Recorded information:
==*==

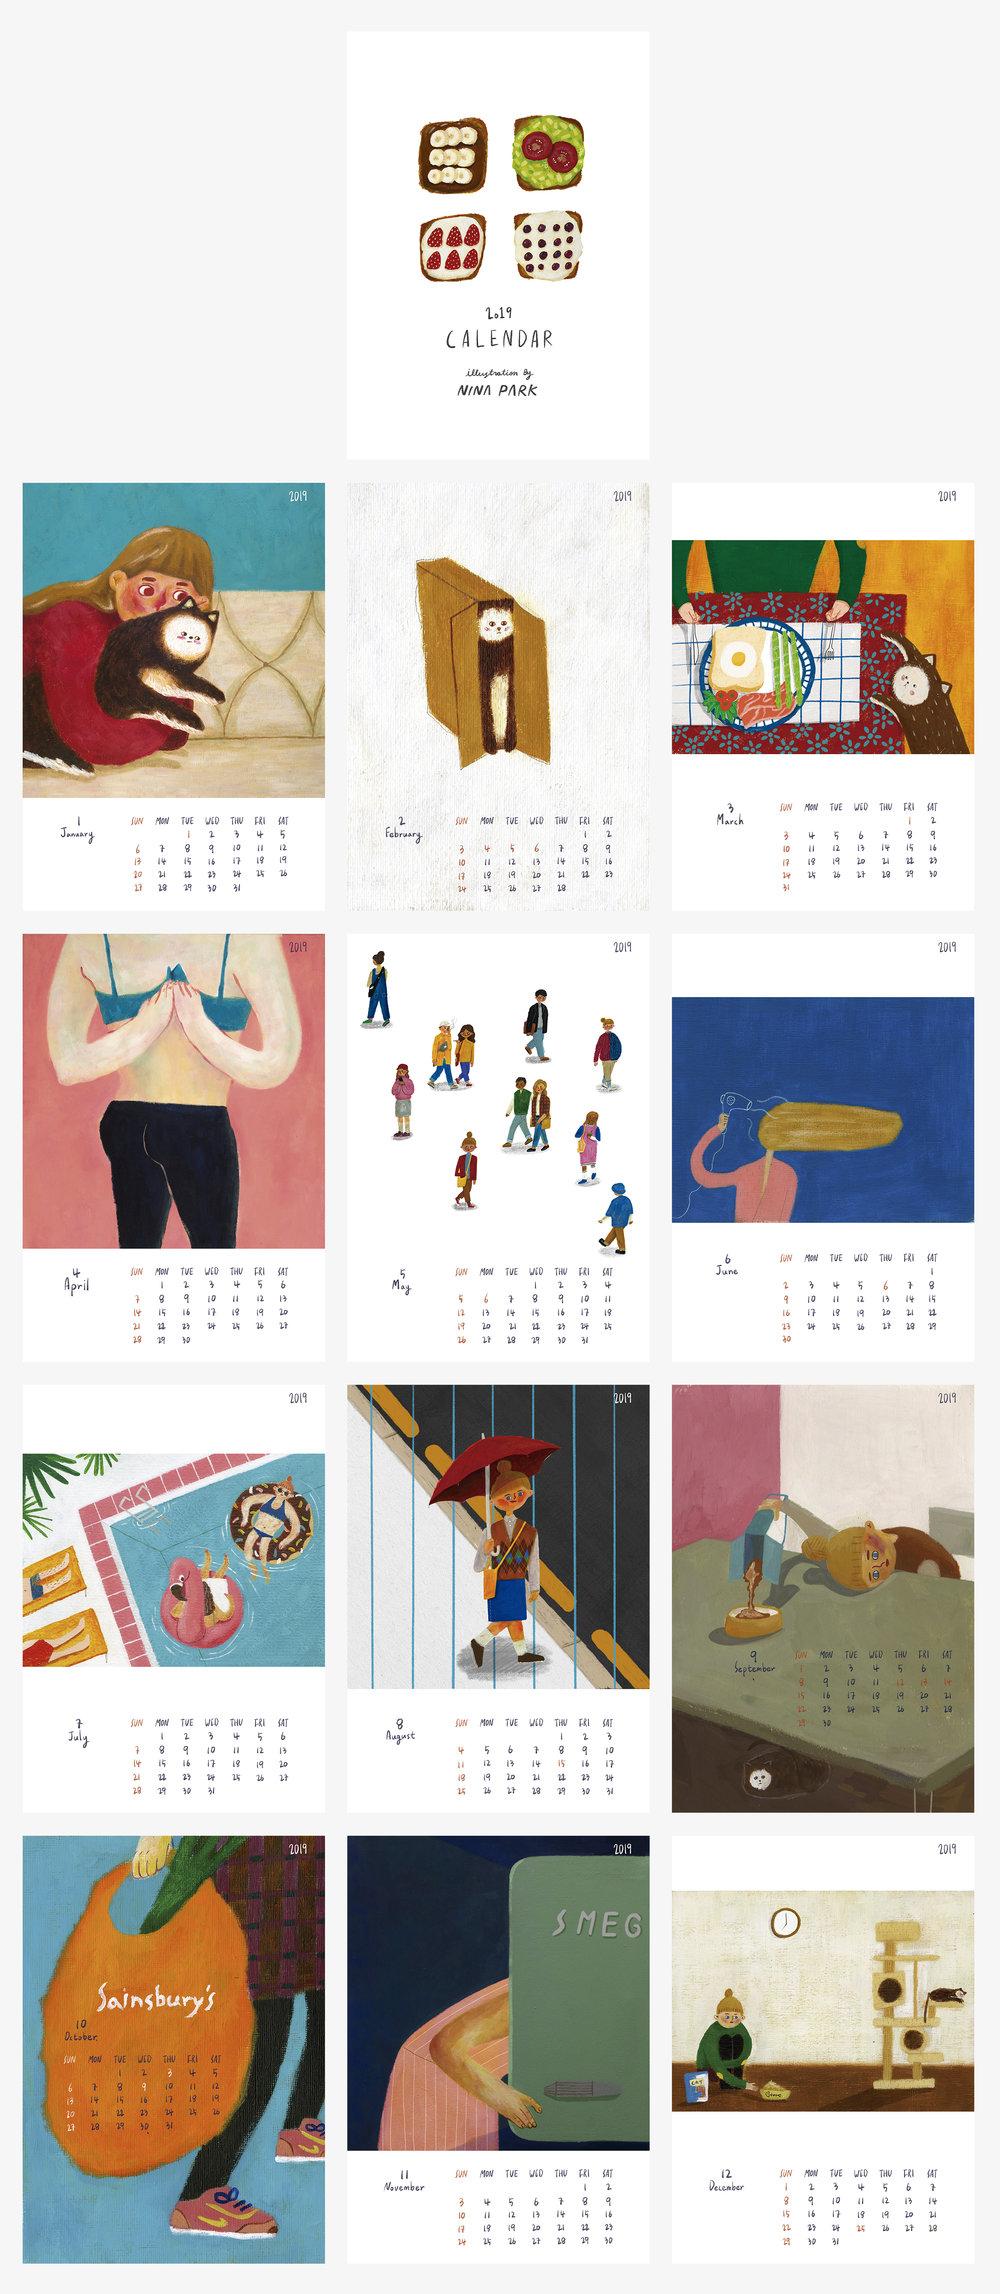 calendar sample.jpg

==*==

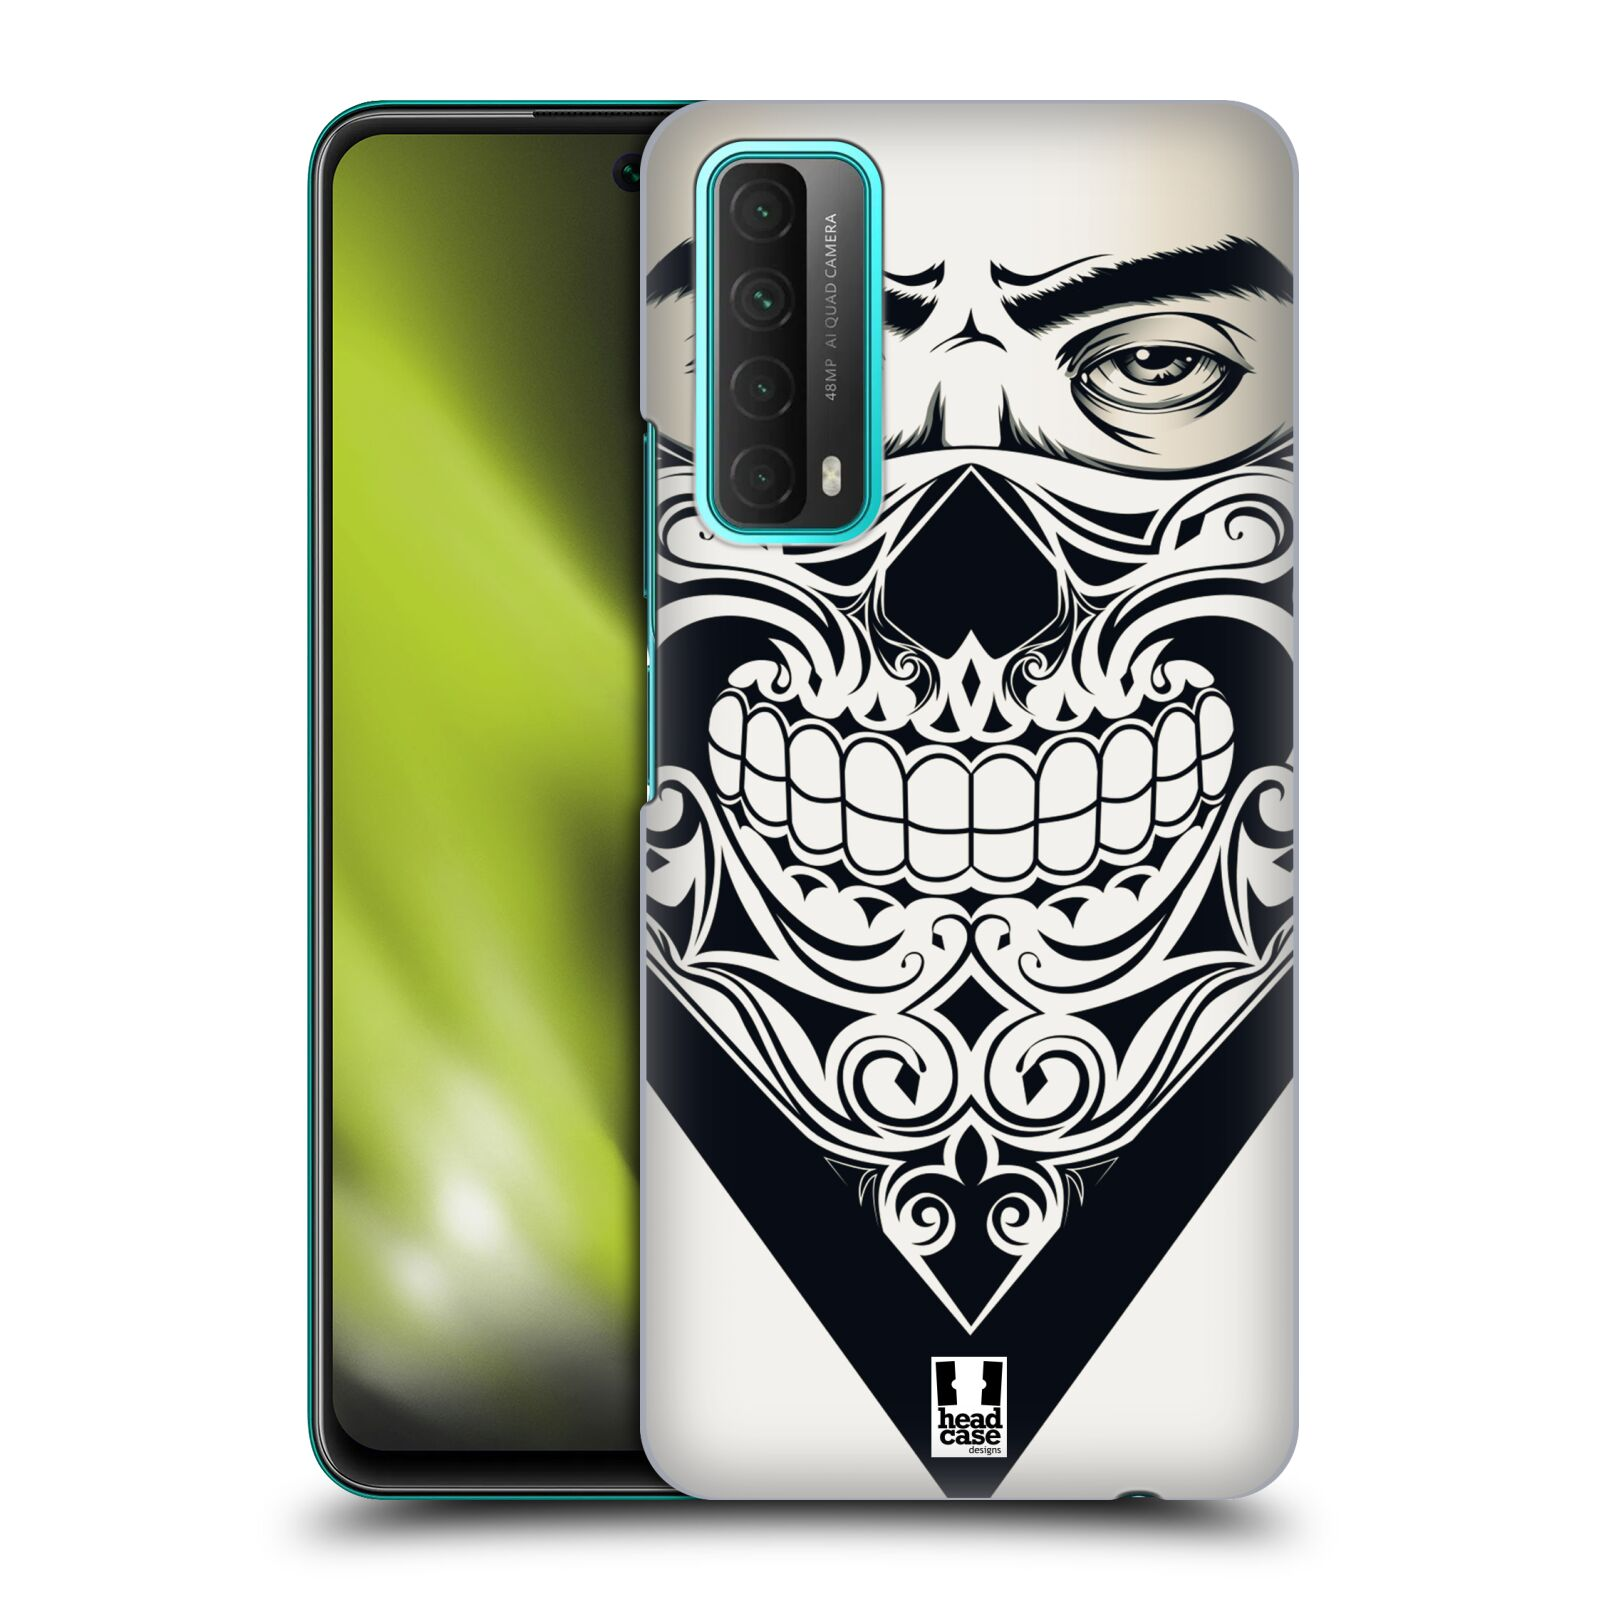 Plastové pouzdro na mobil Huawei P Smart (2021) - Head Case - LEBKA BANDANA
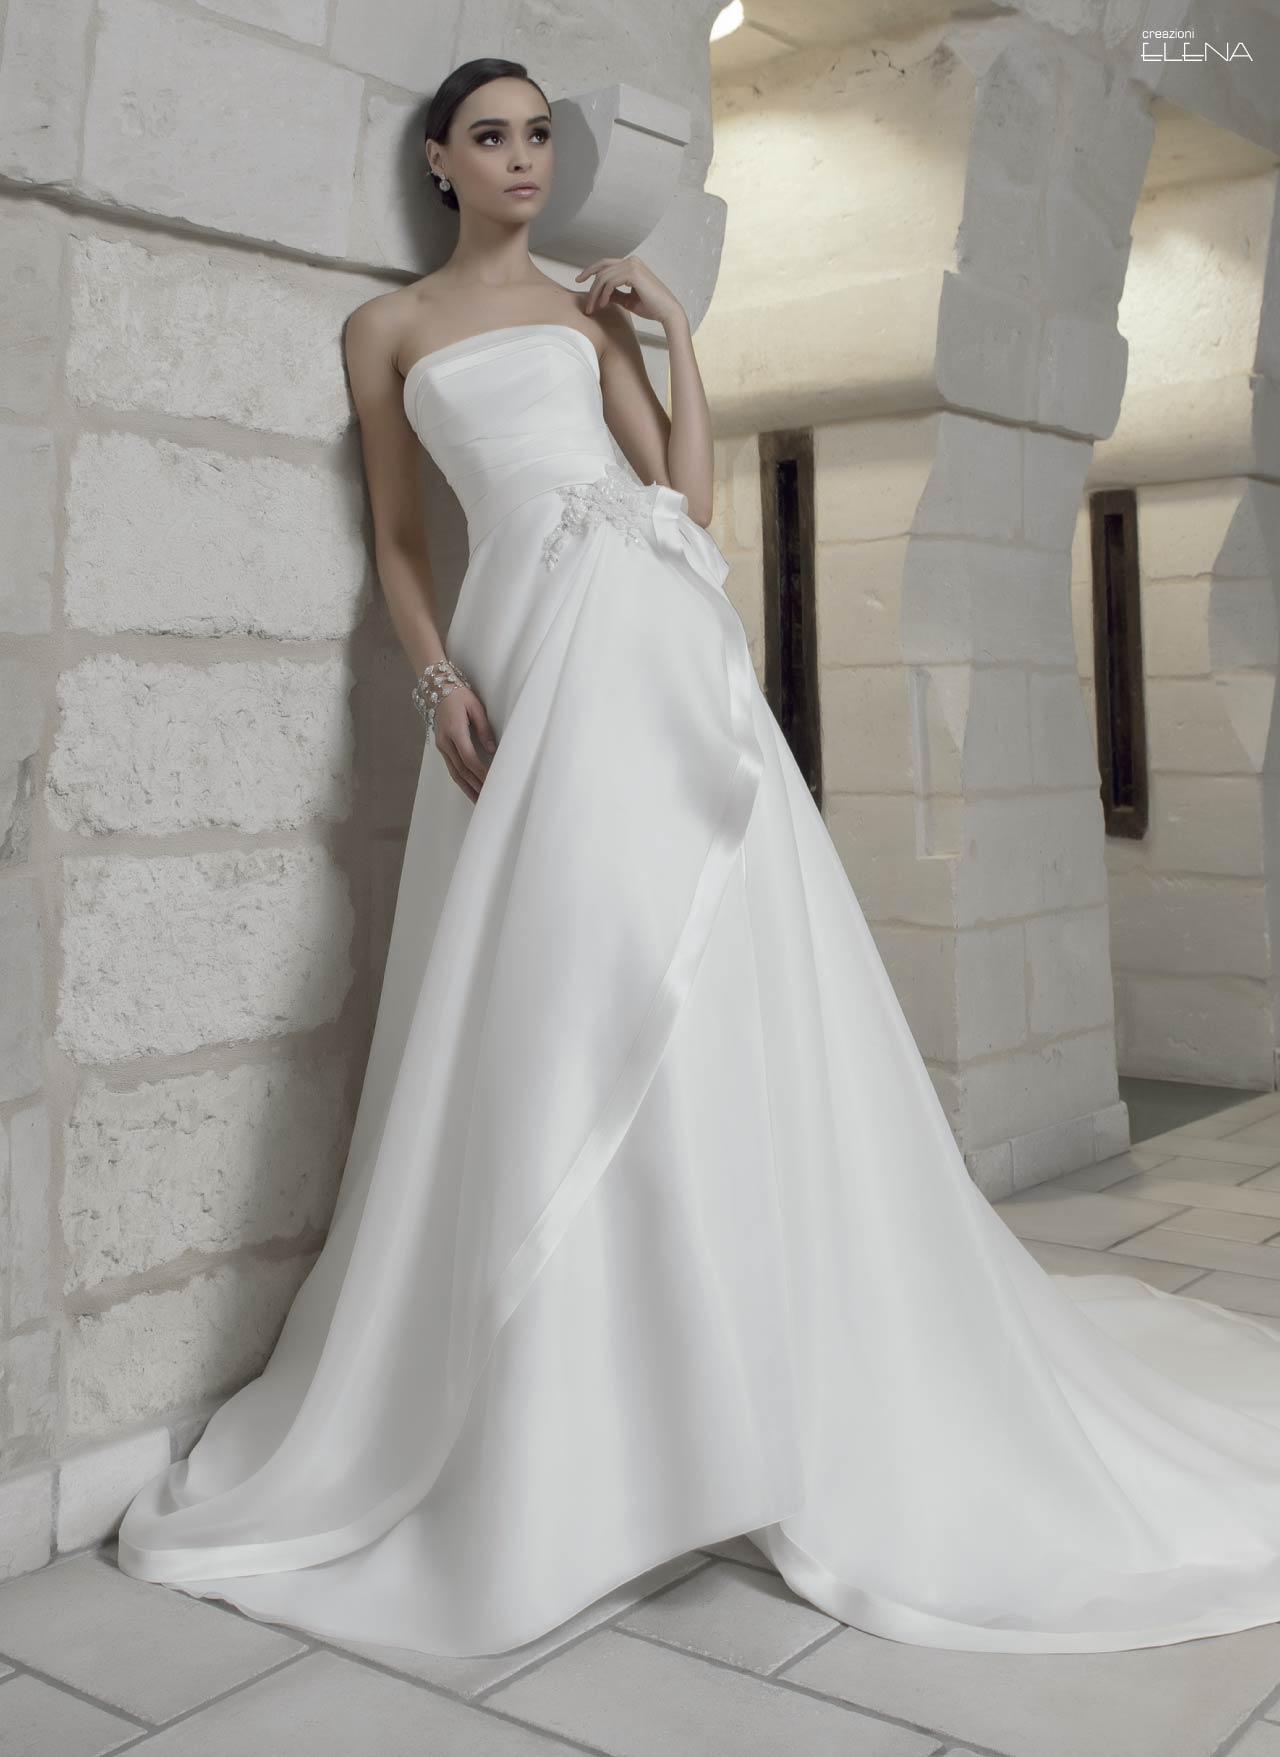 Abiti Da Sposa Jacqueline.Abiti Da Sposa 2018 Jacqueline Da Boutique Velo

==*==

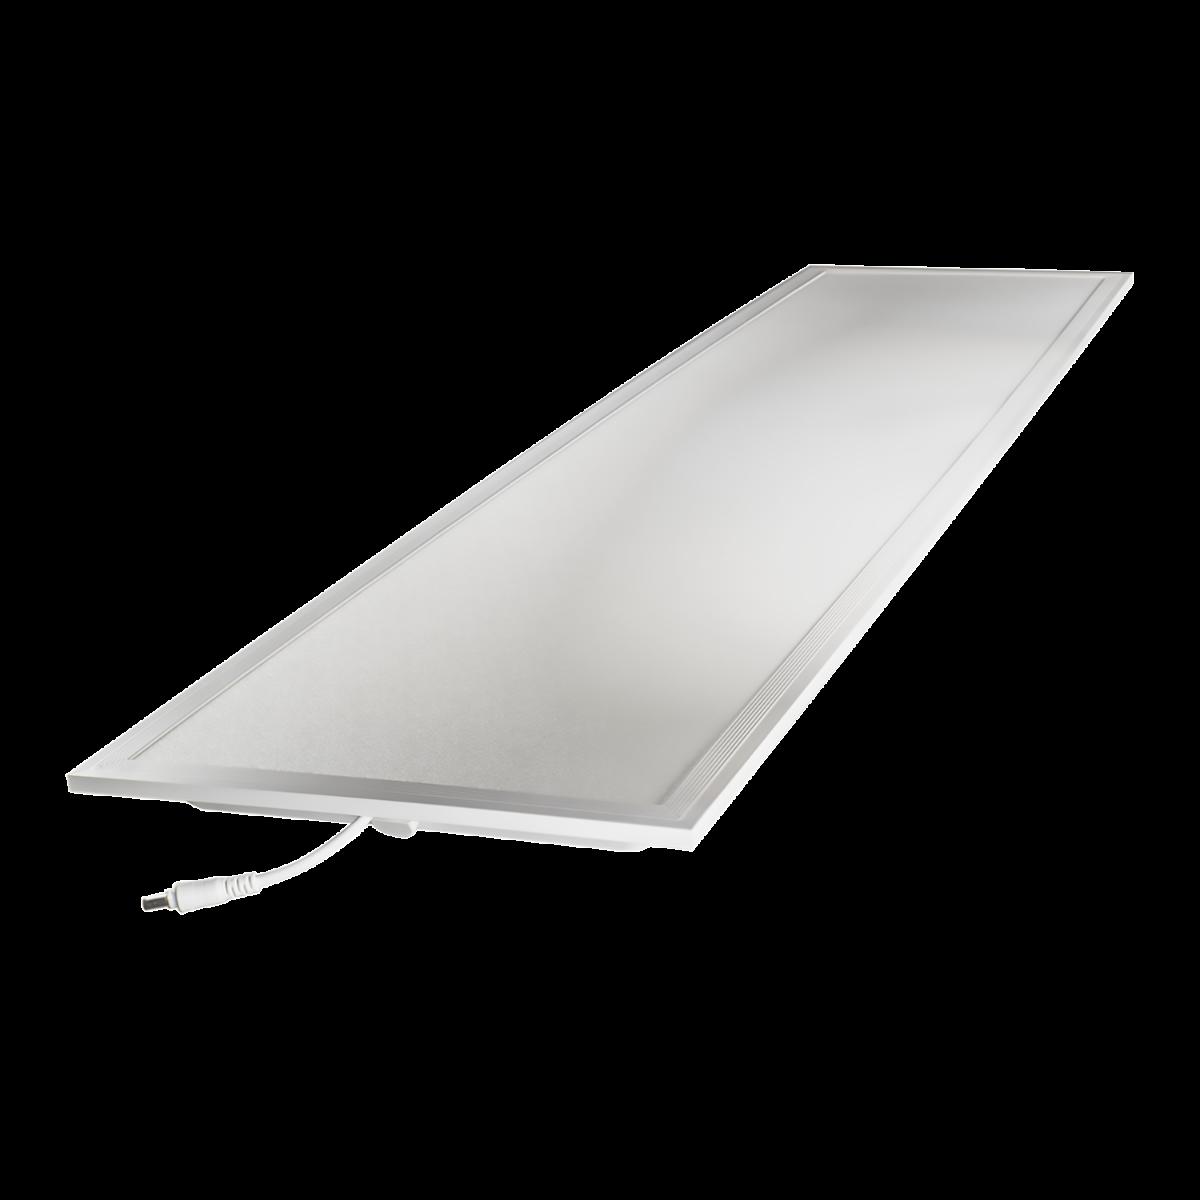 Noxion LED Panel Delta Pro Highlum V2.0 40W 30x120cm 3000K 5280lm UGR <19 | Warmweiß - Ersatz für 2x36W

==*==

Work request: Pictures excluded, reproduce only the part above that opens with the line holding "Plastové pouzdro na" and closes with the line holding "Abiti Da Sposa Jacqueline.Abiti", exactly as written.

Reply to the task:
 Plastové pouzdro na mobil Huawei P Smart (2021) - Head Case - LEBKA BANDANA
 Abiti Da Sposa Jacqueline.Abiti Da Sposa 2018 Jacqueline Da Boutique Velo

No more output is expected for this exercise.